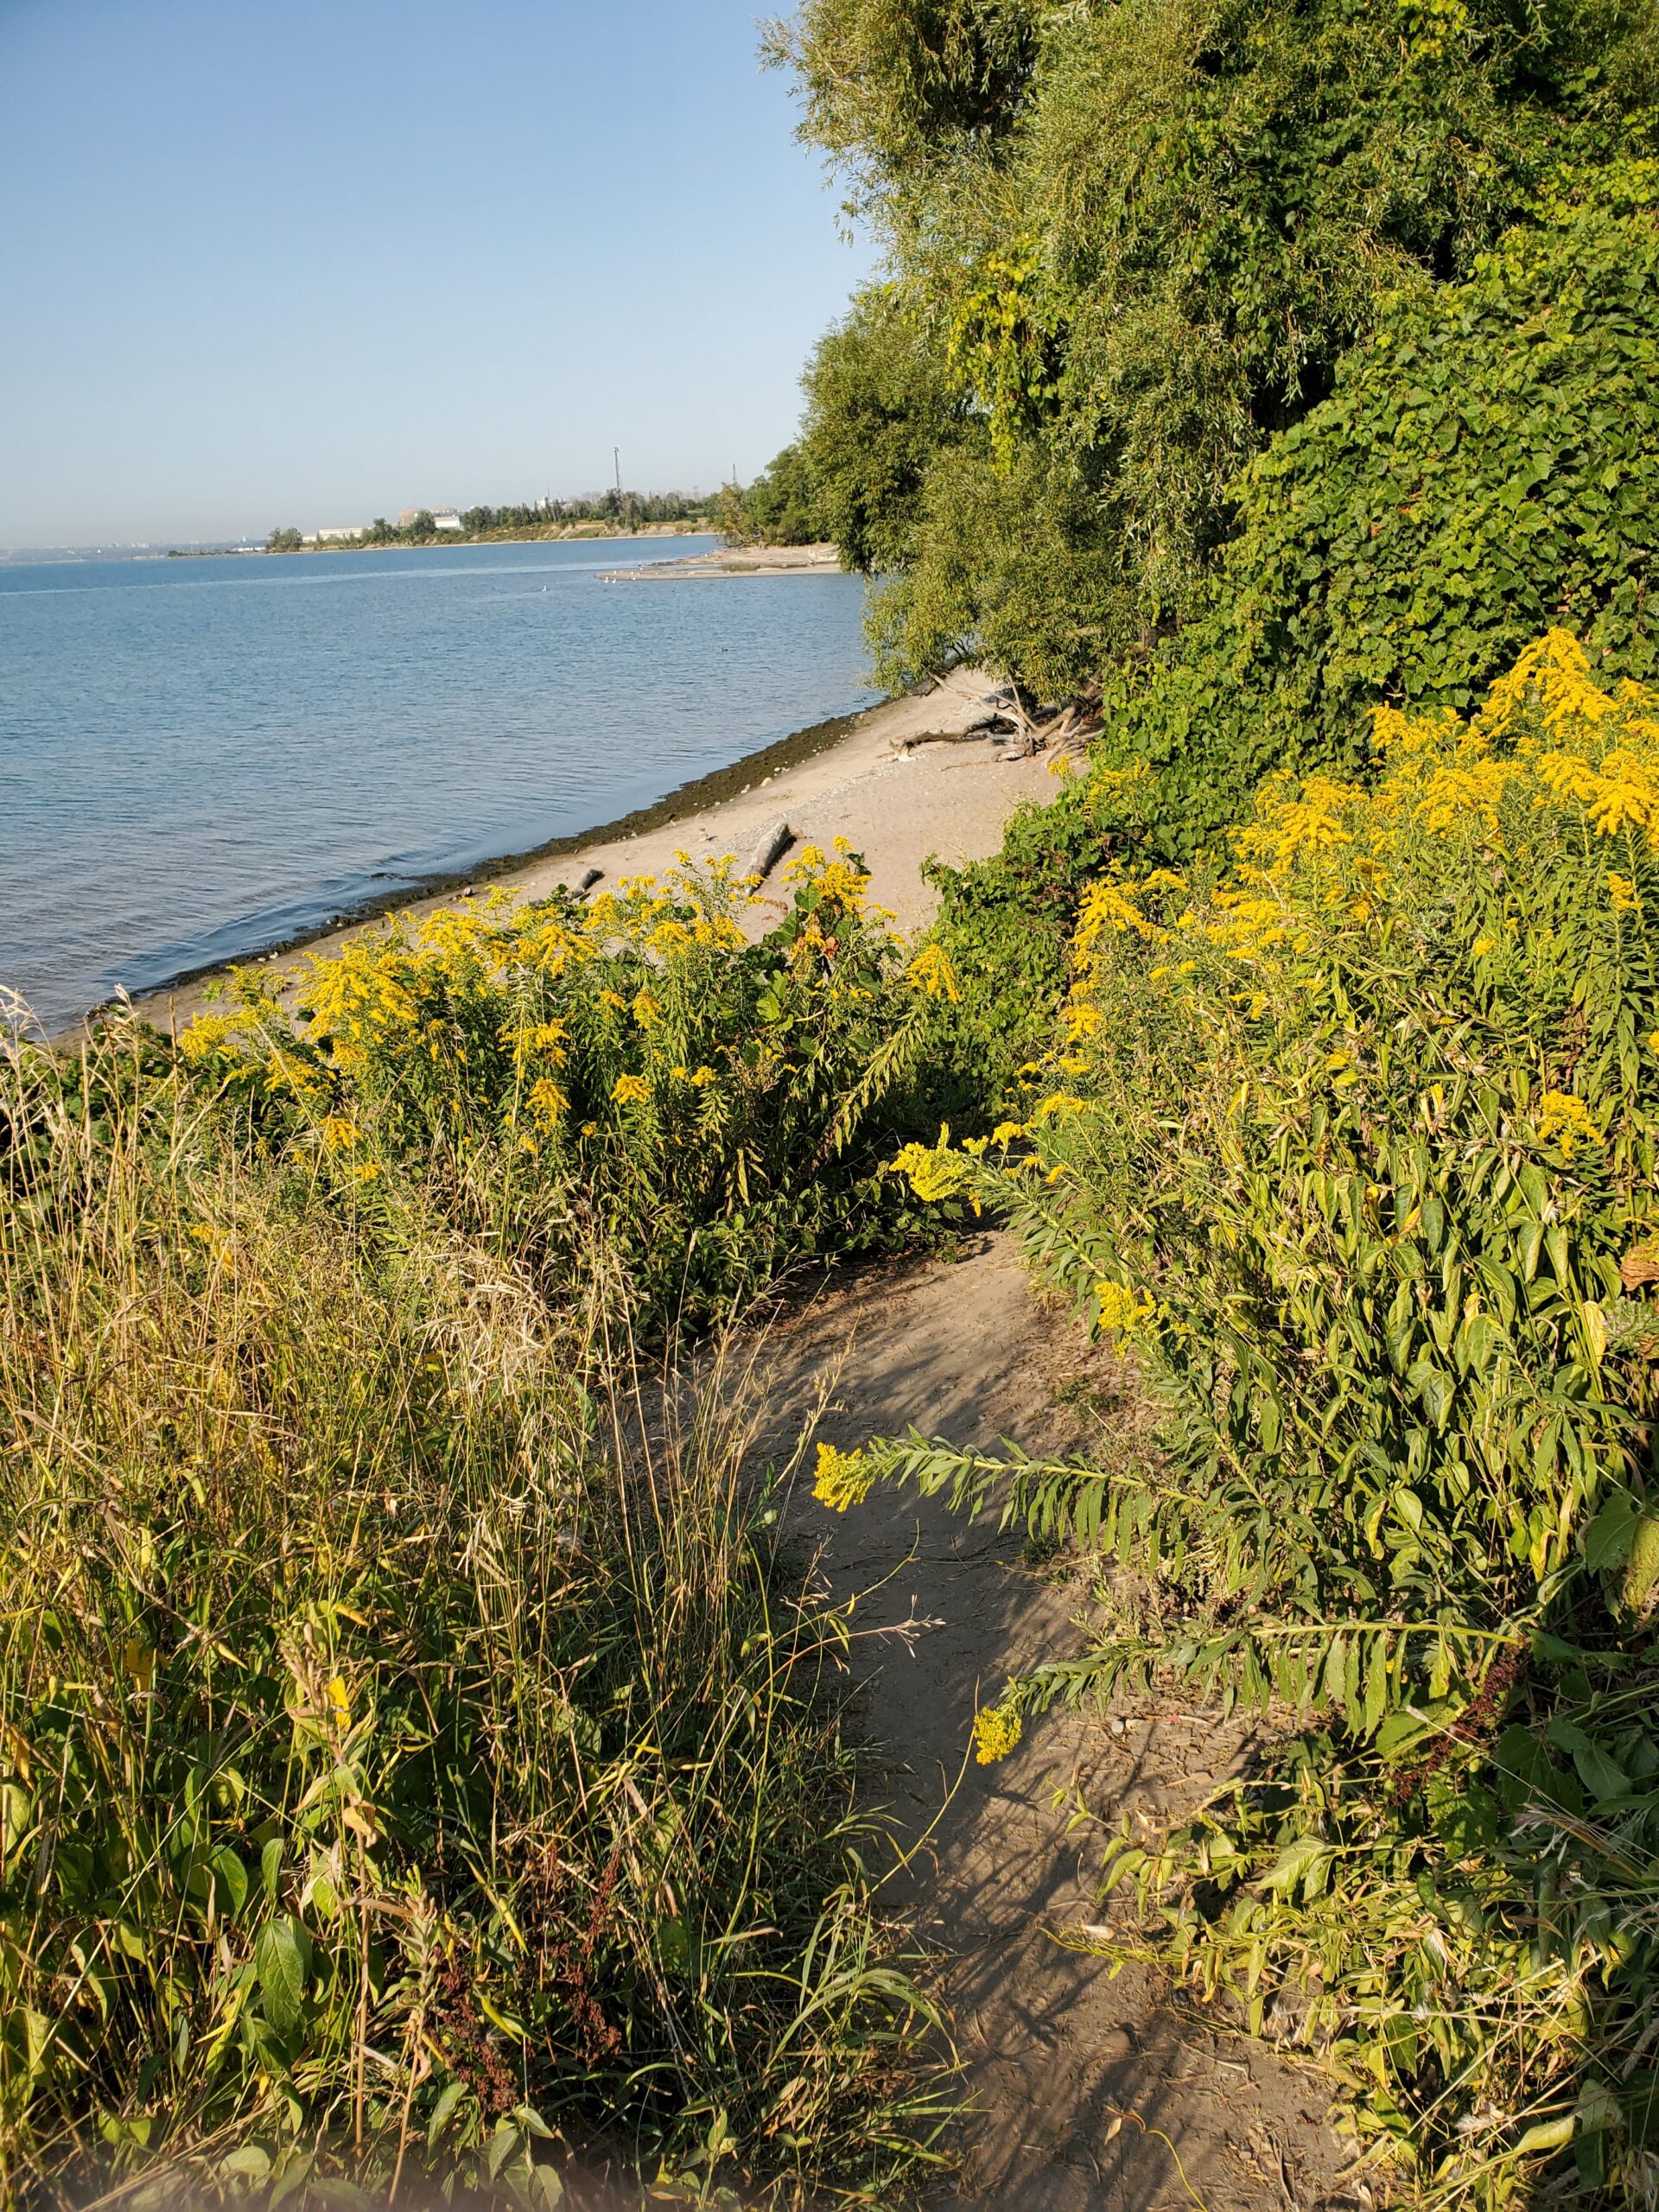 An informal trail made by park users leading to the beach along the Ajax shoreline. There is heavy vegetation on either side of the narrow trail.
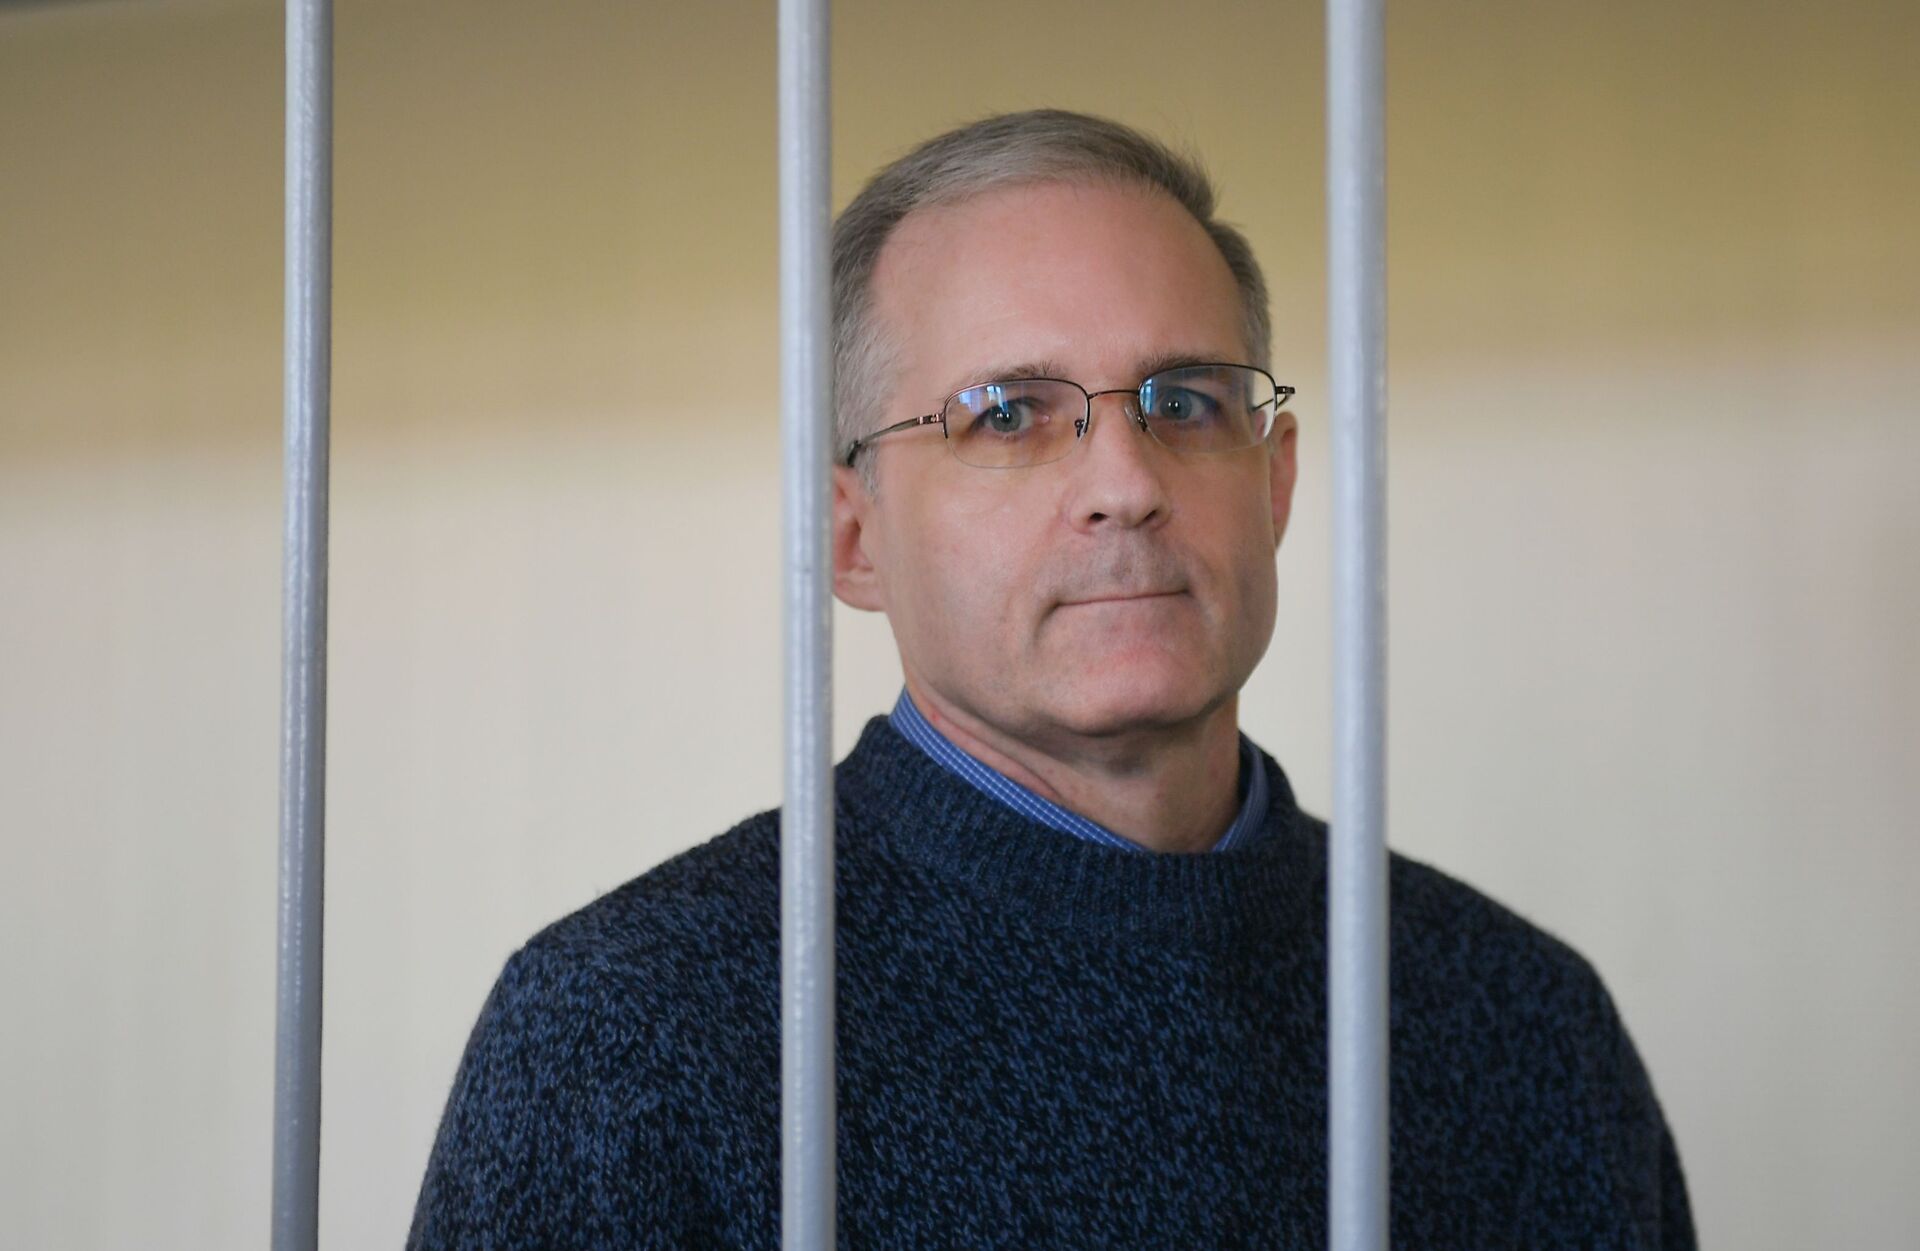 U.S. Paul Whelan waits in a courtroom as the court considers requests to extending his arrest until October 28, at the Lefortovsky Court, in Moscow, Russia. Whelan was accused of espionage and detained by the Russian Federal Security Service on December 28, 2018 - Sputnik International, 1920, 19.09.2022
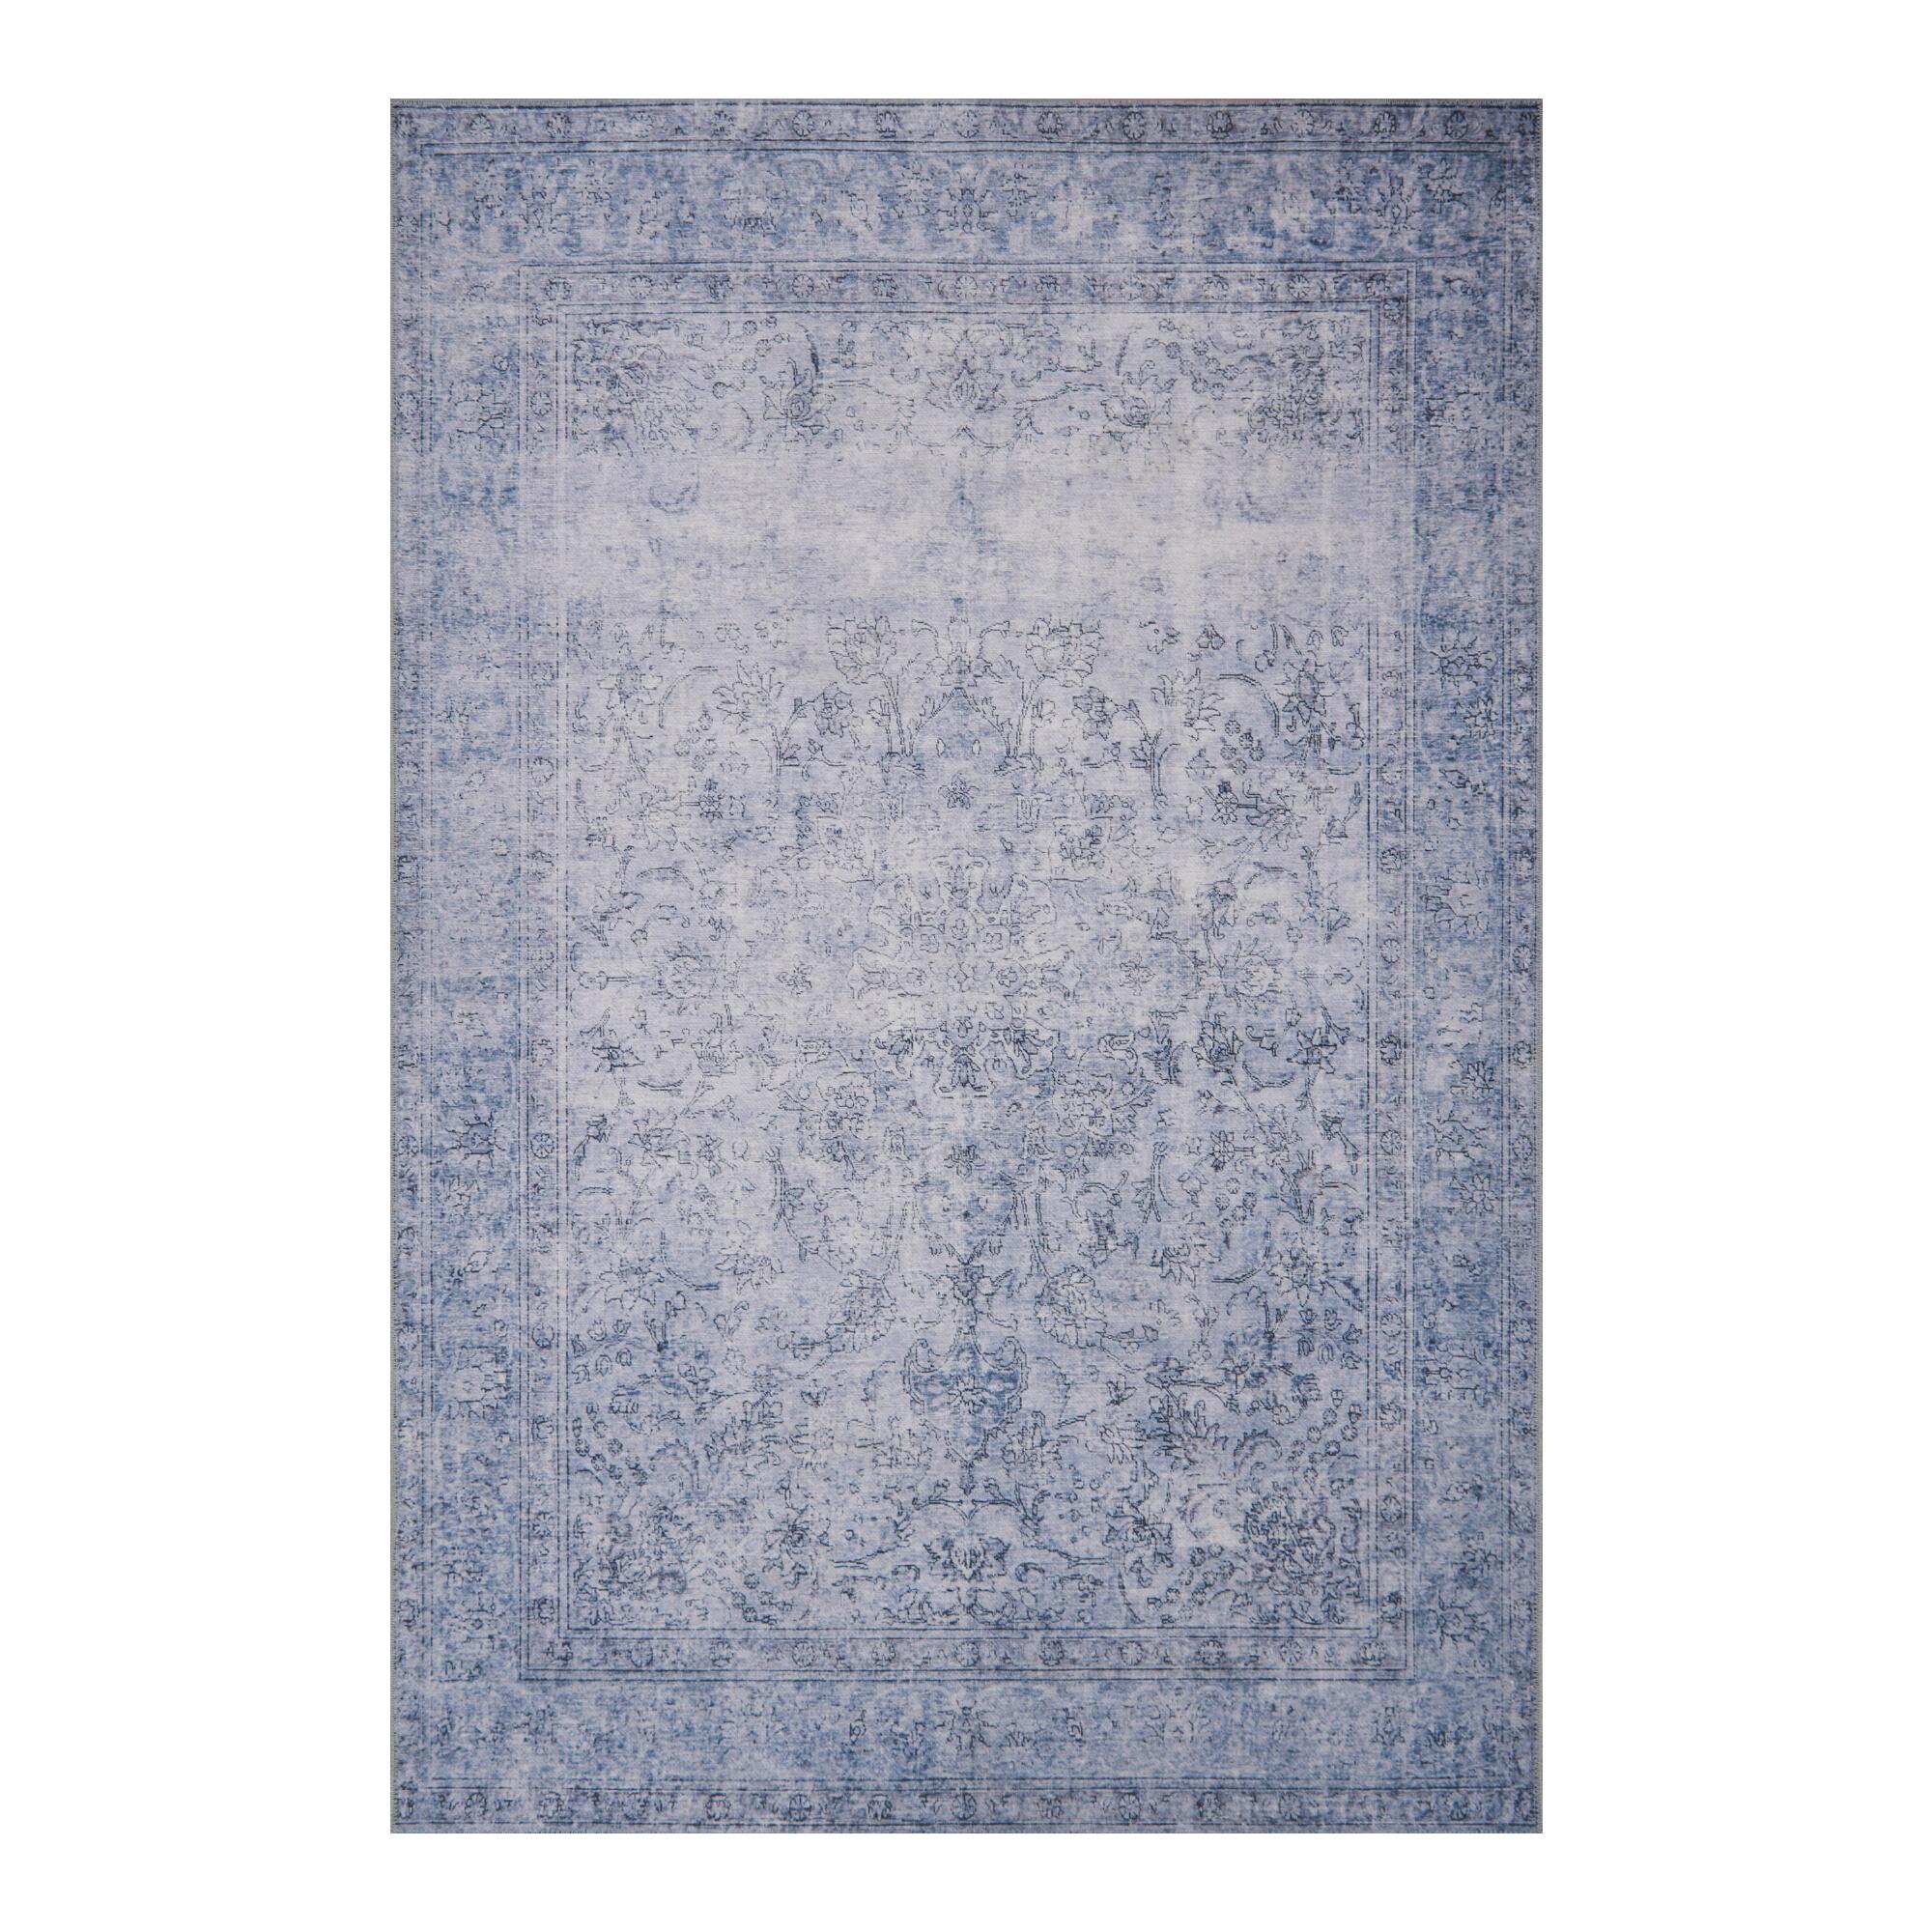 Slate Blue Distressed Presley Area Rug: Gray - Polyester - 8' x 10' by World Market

══════════

**Try it:** Would you write out the material above in full, exactly as given, except for its pictures?

**Answer space:**
 An informal trail made by park users leading to the beach along the Ajax shoreline. There is heavy vegetation on either side of the narrow trail.
 U.S. Paul Whelan waits in a courtroom as the court considers requests to extending his arrest until October 28, at the Lefortovsky Court, in Moscow, Russia. Whelan was accused of espionage and detained by the Russian Federal Security Service on December 28, 2018 - Sputnik International, 1920, 19.09.2022
 Slate Blue Distressed Presley Area Rug: Gray - Polyester - 8' x 10' by World Market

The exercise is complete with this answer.